Todo comenzó con una cebra

A veces, para abordar temas complejos, es útil comenzar por una imagen sencilla. En este caso, la de dos cebras mirándose con recelo: una blanca y otra negra. Una escena imaginaria, casi humorística, que nos permite introducir una cuestión mucho más profunda: ¿cómo surgió realmente el racismo?

Aunque hoy convivimos con sus consecuencias, el racismo no nació de un hecho puntual ni de una diferencia biológica —como tampoco la tendría esa hipotética cebra “distinta”—, sino de un proceso social e histórico que convirtió la diversidad humana en jerarquía. Las primeras comunidades humanas mostraban cierta desconfianza hacia lo diferente, un mecanismo de supervivencia propio de sociedades pequeñas. Sin embargo, ese impulso inicial no puede considerarse racismo, sino un reflejo de tribalismo primitivo.

El salto cualitativo llegó siglos más tarde. Fue con la expansión de los grandes imperios, y especialmente a partir del siglo XV, cuando la humanidad comenzó a articular una ideología que clasificaba a unos grupos como superiores y a otros como inferiores. La colonización europea necesitaba justificaciones políticas y morales para sostener la explotación de territorios, la esclavitud de millones de personas y el sometimiento de poblaciones enteras. Así nació el concepto moderno de raza: una construcción destinada a legitimar la dominación.

Durante los siglos XVIII y XIX, esta idea se reforzó mediante teorías pseudocientíficas que pretendían otorgar rigor a una visión ya de por sí interesada. La frenología, el determinismo biológico o el darwinismo social difundieron la falsa creencia de que era posible medir la valía humana a través del color de la piel o los rasgos físicos. Aquellas afirmaciones, desmontadas hoy por la ciencia, sirvieron entonces para consolidar sistemas económicos y políticos basados en la desigualdad.

Recordar el origen del racismo es fundamental para comprender su persistencia actual.

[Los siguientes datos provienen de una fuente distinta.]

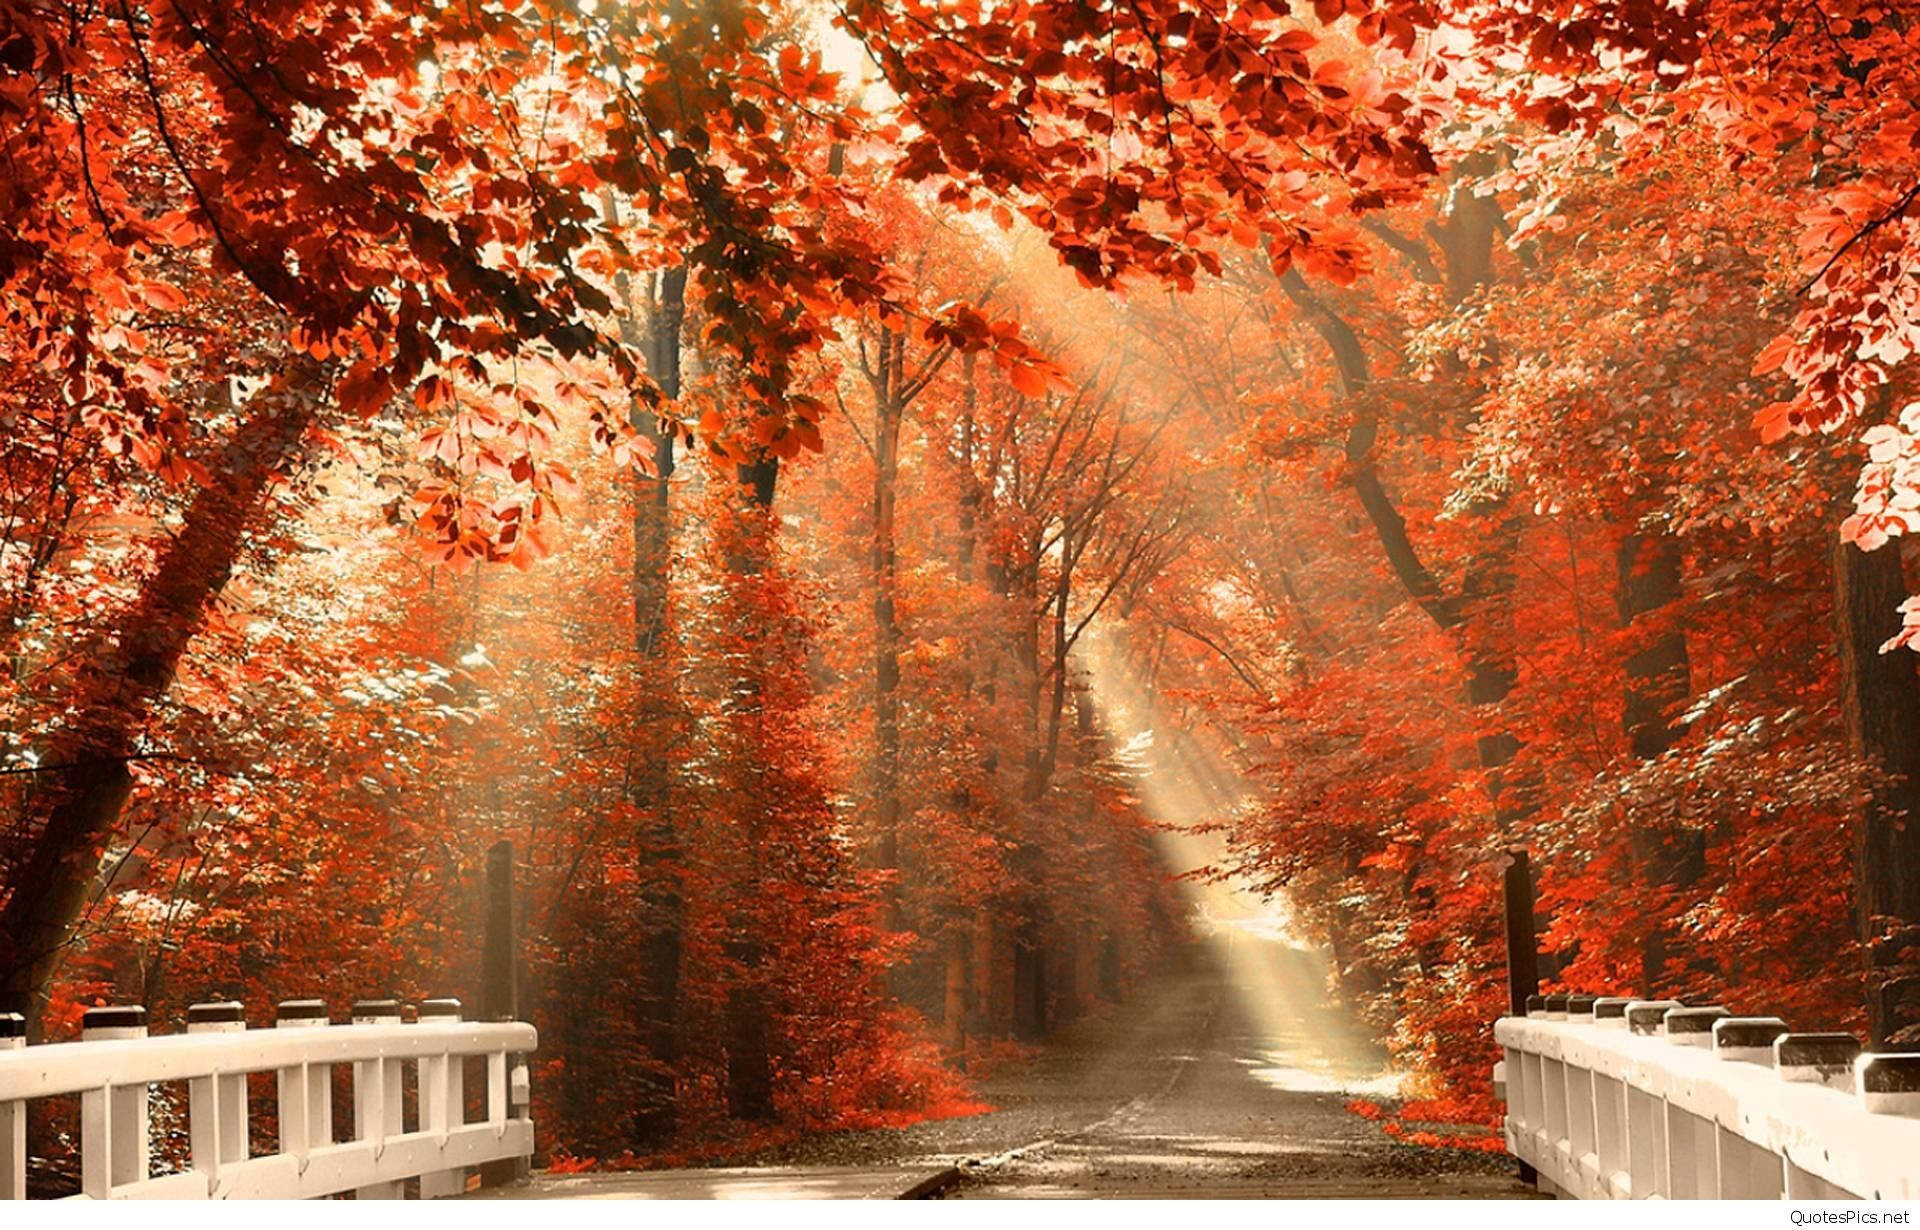 Autumn Season White Bridge

No surgió de la naturaleza ni de una supuesta diferencia genética, sino de decisiones históricas que convirtieron la diversidad en una herramienta de poder. Por eso la metáfora de las cebras sigue siendo tan eficaz: ninguna cebra se cuestiona si sus rayas valen más o menos que las de otra. Esa comparación solo existe en la mente humana.

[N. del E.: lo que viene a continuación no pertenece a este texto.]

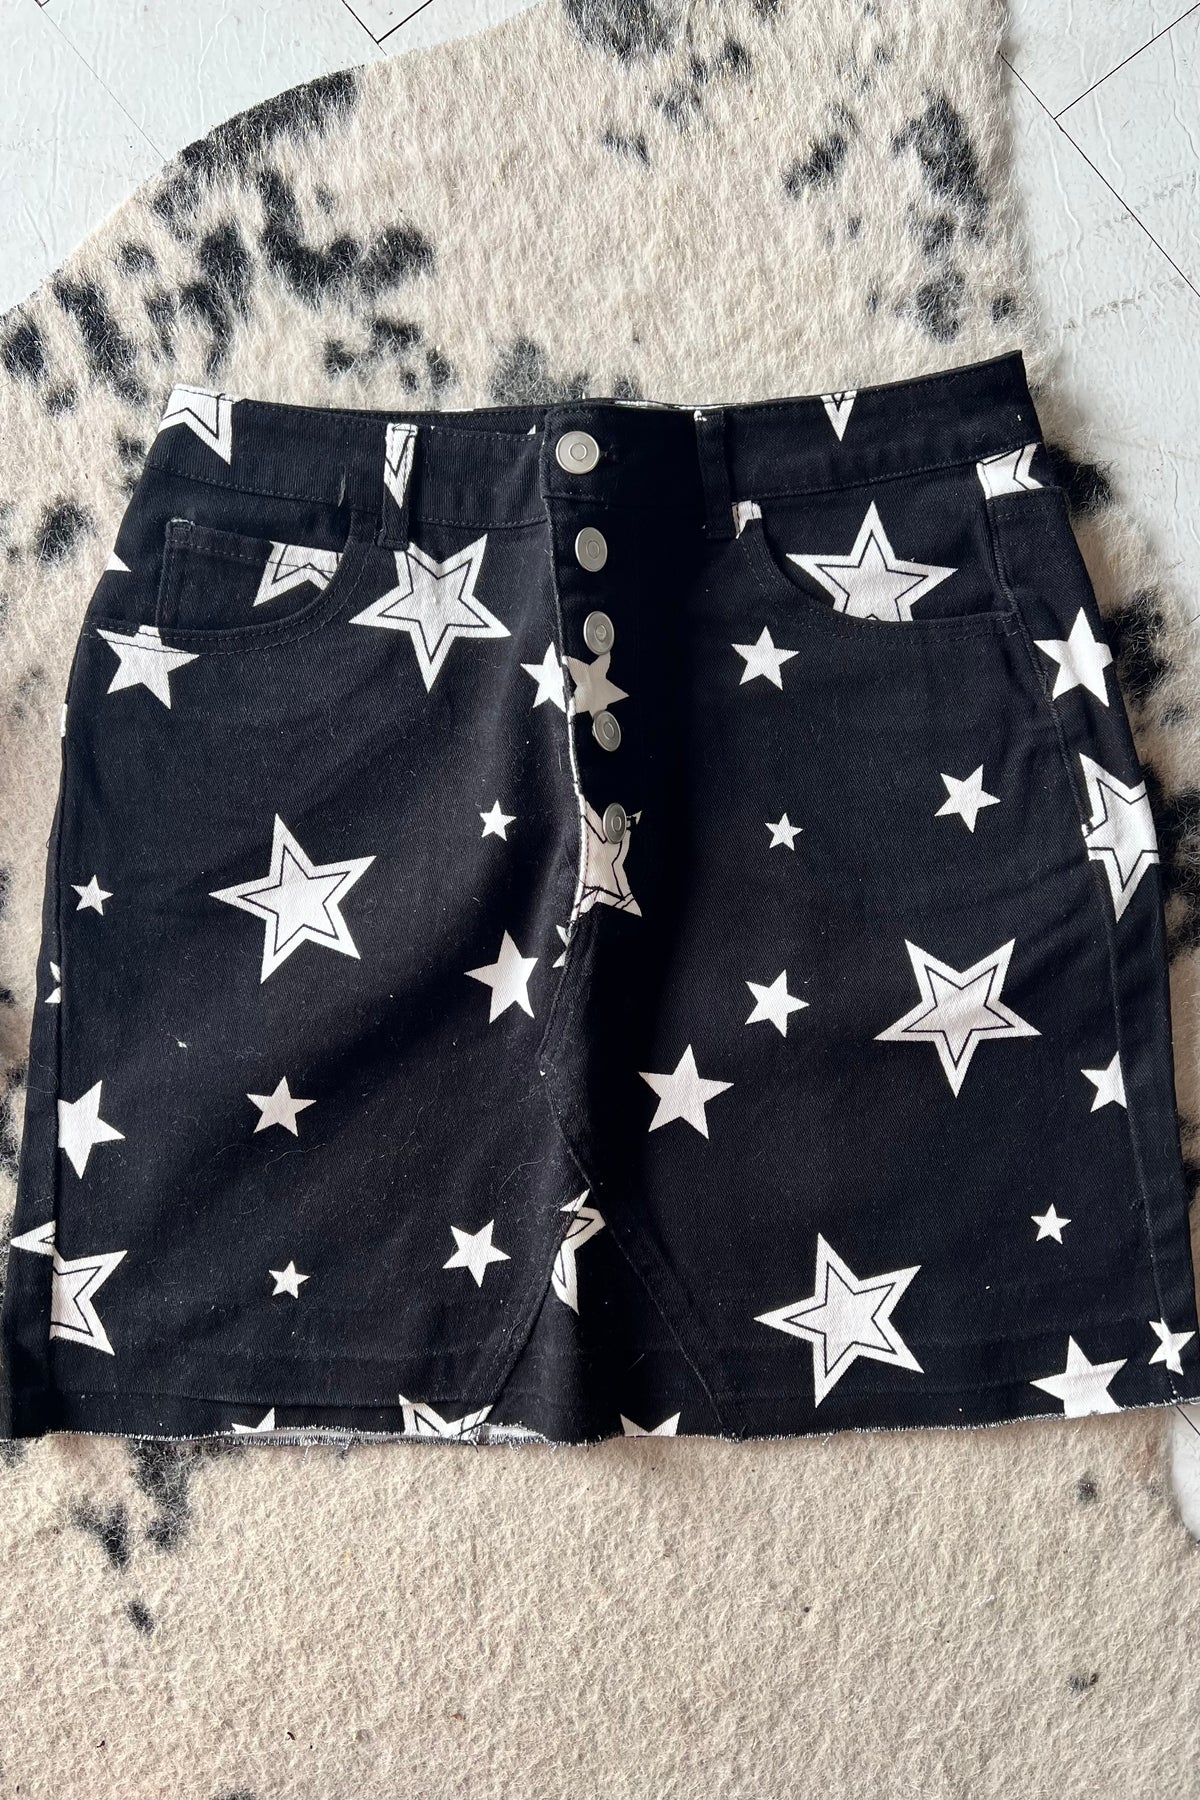 Black & White Star Skirt

Desmontar el racismo implica precisamente eso: volver a mirar nuestras propias “rayas” sin jerarquías ni prejuicios, entendiendo que lo que nos separa nunca ha sido más relevante que lo que nos une.

Es una lección difícil de entender, pero que poco a poco debemos ir incorporando en la educación de nuestros seres pequeños en casa, así como debemos hacer cambiar a los adultos que sienten esta emoción.

En la diversidad está el secreto de las relaciones, en aprender a aceptarnos tal y como somos y en convivir desde esa diversidad con nuestras diferencias.